(Input data):
★ ★ ★ ★ ★
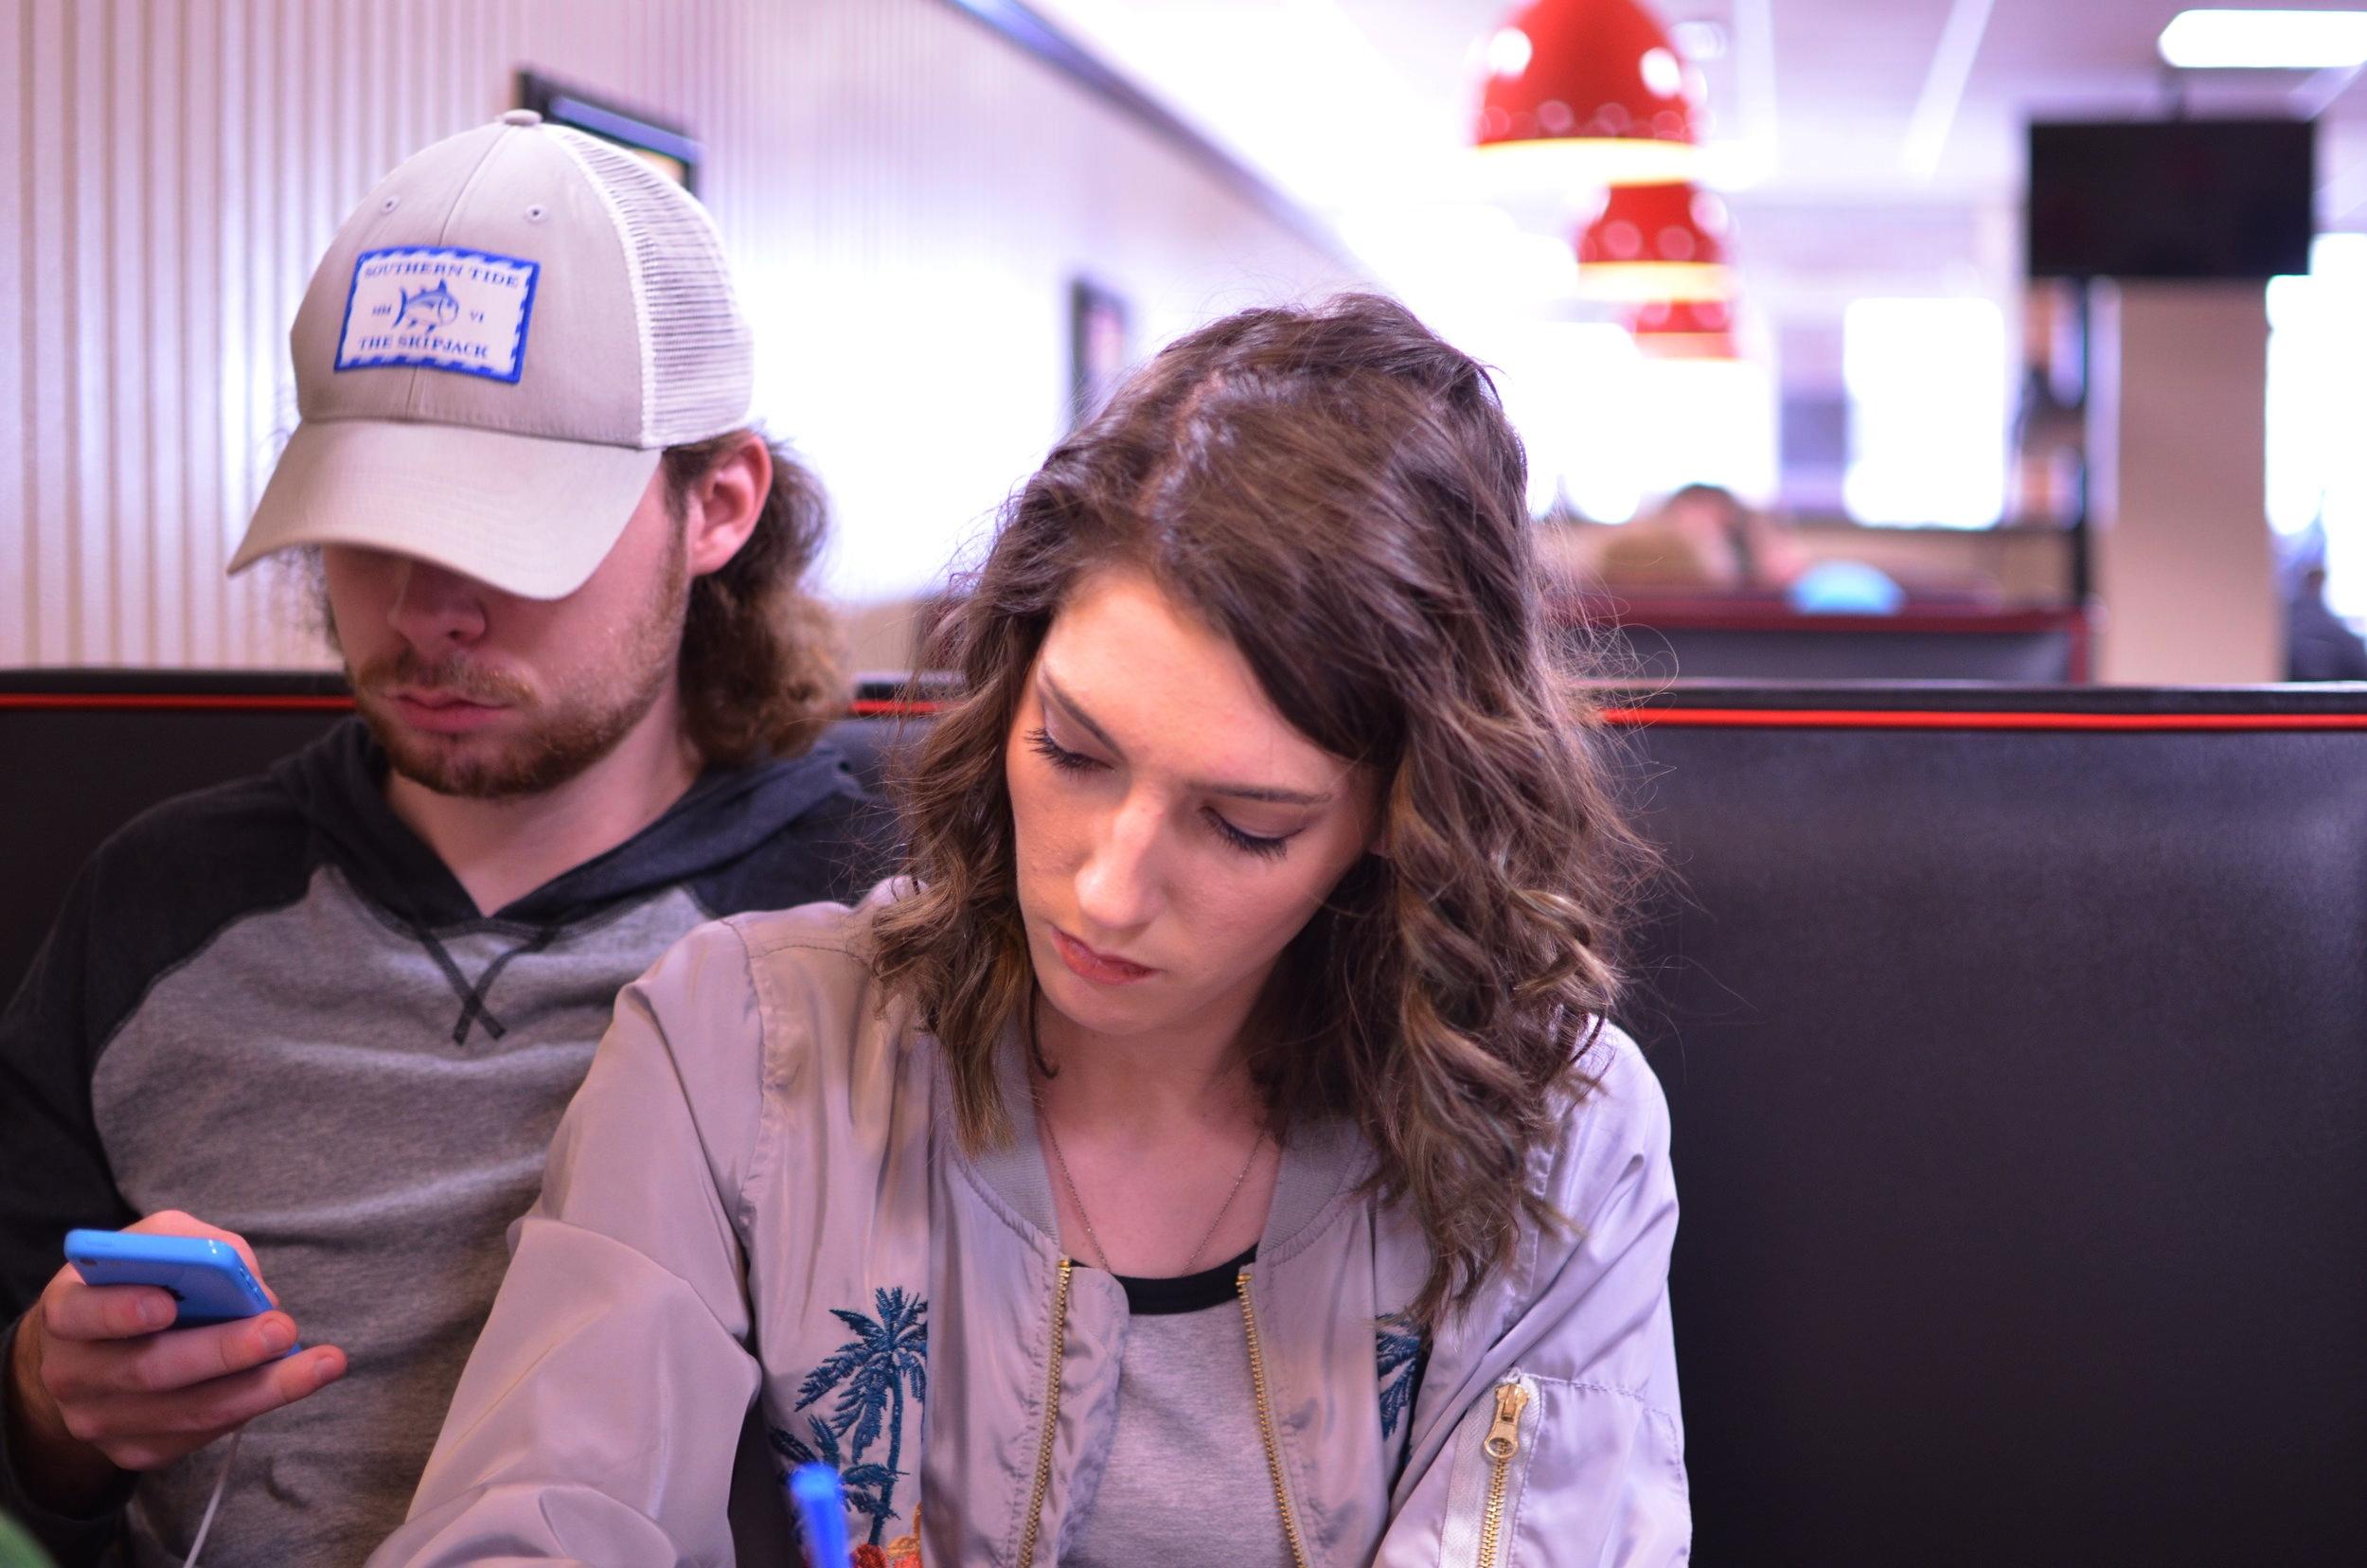 Madison Giles and Benjamin London work on school work.
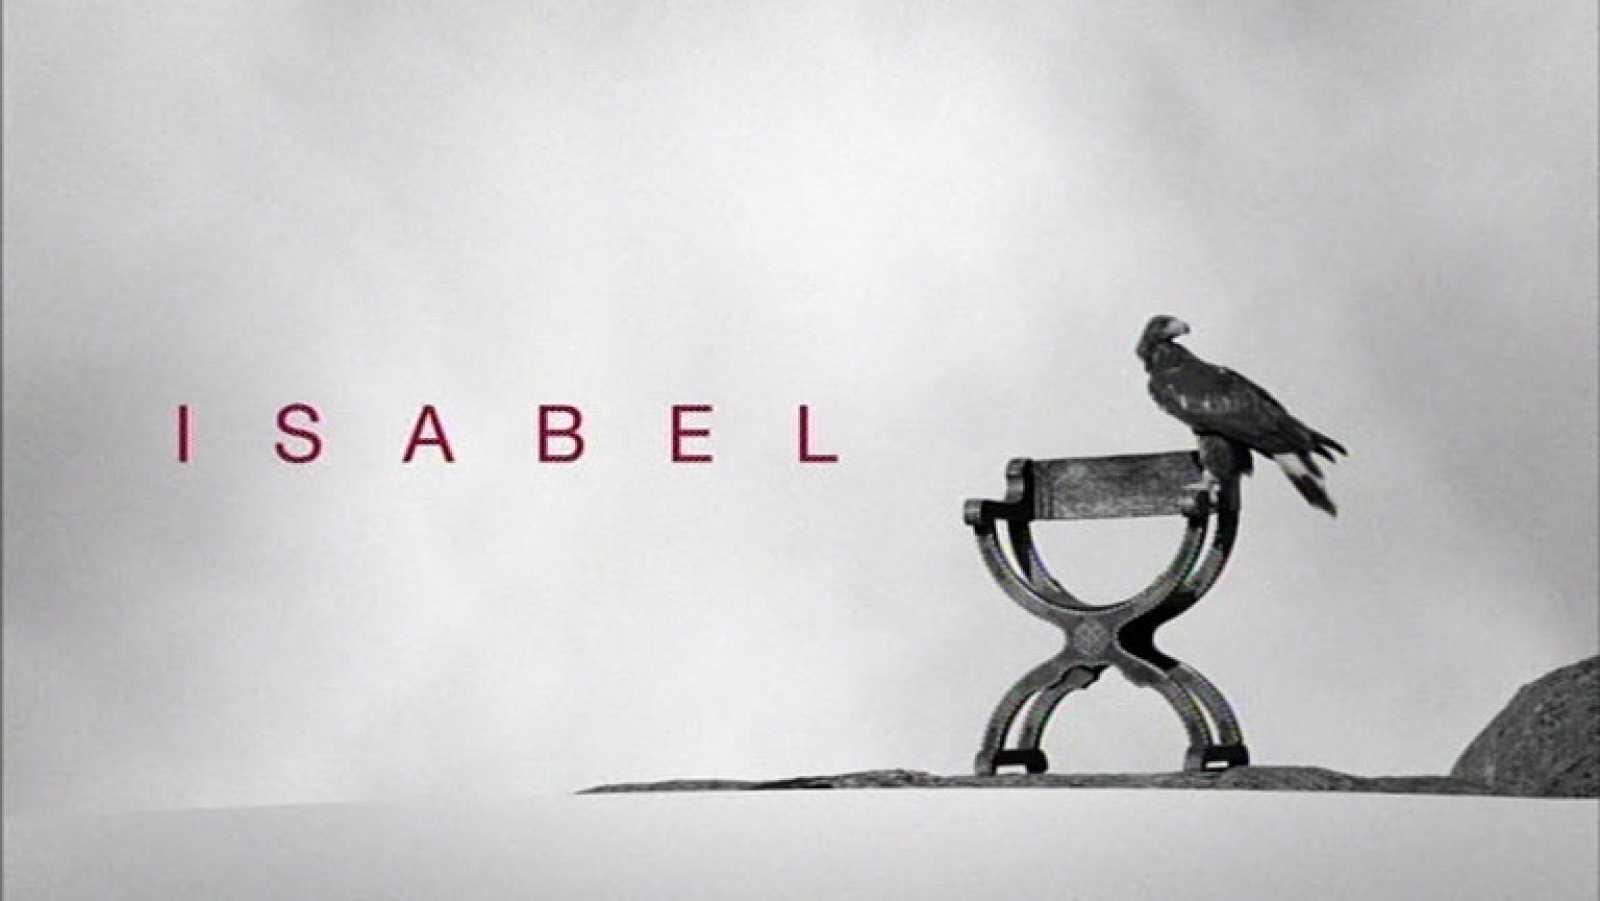 Isabel - cabecera de la serie - ver vídeo
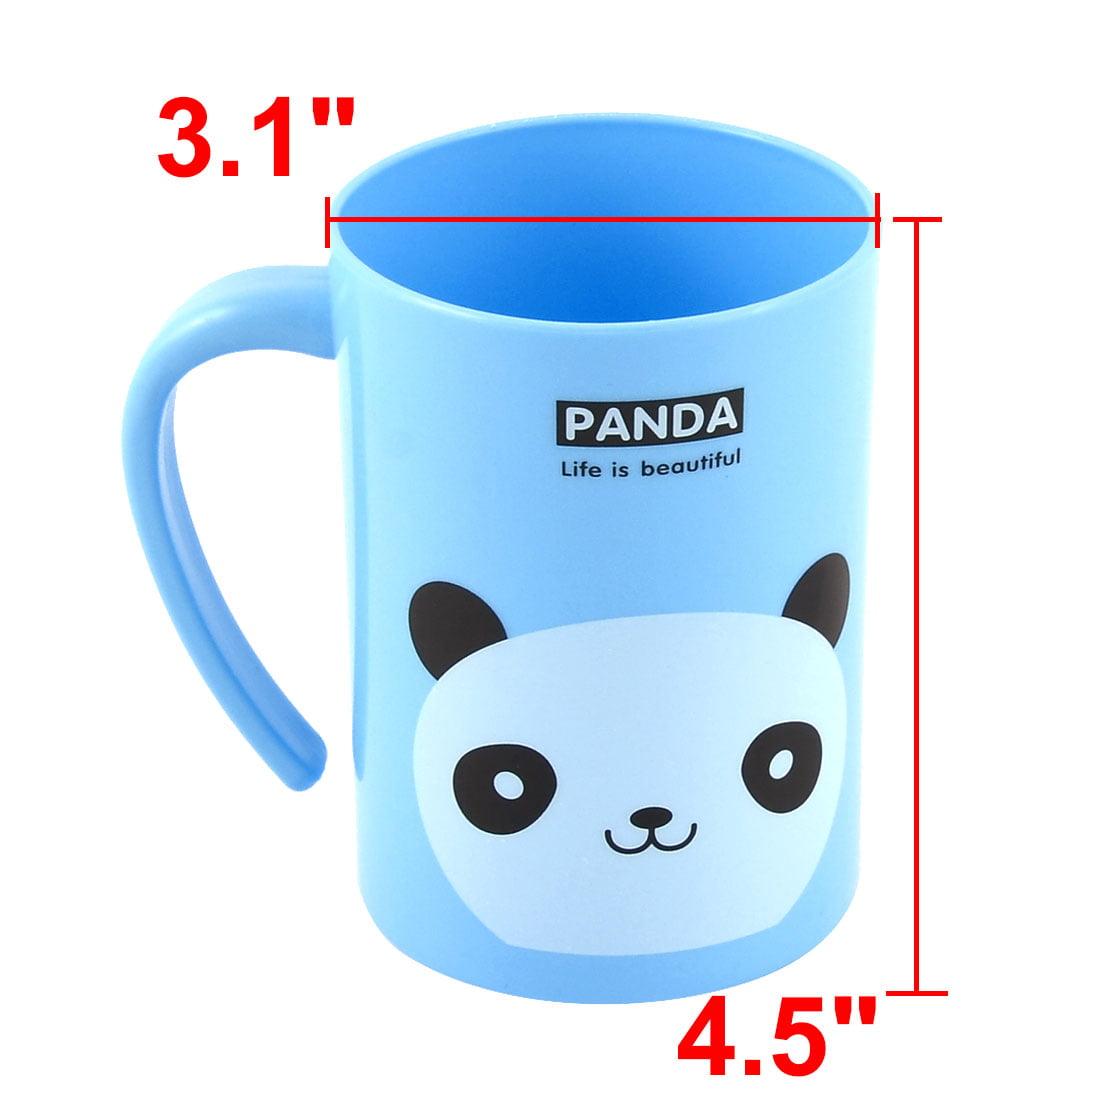 Uxcell Plastic Cartoon Panda Pattern Toothbrush Holder
★ ★ ★ ★ ★
The answer should be the complete listing, set down exactly, without pictures.

 Madison Giles and Benjamin London work on school work.
 Isabel - cabecera de la serie - ver vídeo
 Uxcell Plastic Cartoon Panda Pattern Toothbrush Holder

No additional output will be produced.